◆ Aim of the task:
Search the records for the string "Stockfoto" and return each line that has it.

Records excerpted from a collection
***

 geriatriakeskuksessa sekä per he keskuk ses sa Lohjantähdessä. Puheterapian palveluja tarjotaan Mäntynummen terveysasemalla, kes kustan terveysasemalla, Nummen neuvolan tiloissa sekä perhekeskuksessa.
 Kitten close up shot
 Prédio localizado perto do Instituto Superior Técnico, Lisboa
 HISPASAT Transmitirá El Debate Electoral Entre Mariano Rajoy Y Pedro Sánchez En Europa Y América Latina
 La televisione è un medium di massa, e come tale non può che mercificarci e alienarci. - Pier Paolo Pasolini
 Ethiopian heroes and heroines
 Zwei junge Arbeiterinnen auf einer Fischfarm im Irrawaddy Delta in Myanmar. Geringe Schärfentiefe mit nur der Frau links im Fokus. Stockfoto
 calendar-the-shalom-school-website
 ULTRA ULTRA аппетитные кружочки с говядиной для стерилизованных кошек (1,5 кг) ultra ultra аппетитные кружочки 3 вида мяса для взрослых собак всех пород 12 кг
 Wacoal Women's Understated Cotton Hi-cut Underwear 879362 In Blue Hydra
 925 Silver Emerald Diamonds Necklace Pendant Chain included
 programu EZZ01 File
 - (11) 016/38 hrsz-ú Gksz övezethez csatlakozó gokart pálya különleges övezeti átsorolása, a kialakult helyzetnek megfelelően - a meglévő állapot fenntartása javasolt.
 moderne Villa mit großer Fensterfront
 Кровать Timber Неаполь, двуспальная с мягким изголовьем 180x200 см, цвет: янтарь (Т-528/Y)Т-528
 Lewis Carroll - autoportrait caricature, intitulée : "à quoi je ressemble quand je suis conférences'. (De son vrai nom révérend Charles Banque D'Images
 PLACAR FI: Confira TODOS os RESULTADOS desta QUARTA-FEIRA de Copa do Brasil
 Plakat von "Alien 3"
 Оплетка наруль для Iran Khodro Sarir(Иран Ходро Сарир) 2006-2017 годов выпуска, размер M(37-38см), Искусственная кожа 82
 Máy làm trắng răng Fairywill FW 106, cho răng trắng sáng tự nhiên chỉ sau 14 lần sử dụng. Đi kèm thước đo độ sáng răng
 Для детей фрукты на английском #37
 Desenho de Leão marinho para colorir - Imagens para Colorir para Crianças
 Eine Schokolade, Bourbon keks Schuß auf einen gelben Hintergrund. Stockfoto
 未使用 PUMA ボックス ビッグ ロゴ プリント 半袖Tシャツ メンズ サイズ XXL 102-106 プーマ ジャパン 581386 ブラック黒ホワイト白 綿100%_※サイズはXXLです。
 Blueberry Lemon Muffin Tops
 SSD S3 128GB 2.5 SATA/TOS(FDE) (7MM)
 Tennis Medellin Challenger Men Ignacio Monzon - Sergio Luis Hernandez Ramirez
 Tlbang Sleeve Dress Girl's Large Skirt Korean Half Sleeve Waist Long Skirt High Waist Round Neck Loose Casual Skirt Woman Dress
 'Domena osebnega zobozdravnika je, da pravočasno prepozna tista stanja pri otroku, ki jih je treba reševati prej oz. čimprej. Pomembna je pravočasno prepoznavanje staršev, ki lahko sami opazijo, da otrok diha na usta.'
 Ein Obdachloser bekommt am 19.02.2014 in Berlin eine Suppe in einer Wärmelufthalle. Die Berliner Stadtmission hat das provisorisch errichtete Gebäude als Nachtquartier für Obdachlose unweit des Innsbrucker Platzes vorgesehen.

***

◆ Answer for the task:
 Zwei junge Arbeiterinnen auf einer Fischfarm im Irrawaddy Delta in Myanmar. Geringe Schärfentiefe mit nur der Frau links im Fokus. Stockfoto
 Eine Schokolade, Bourbon keks Schuß auf einen gelben Hintergrund. Stockfoto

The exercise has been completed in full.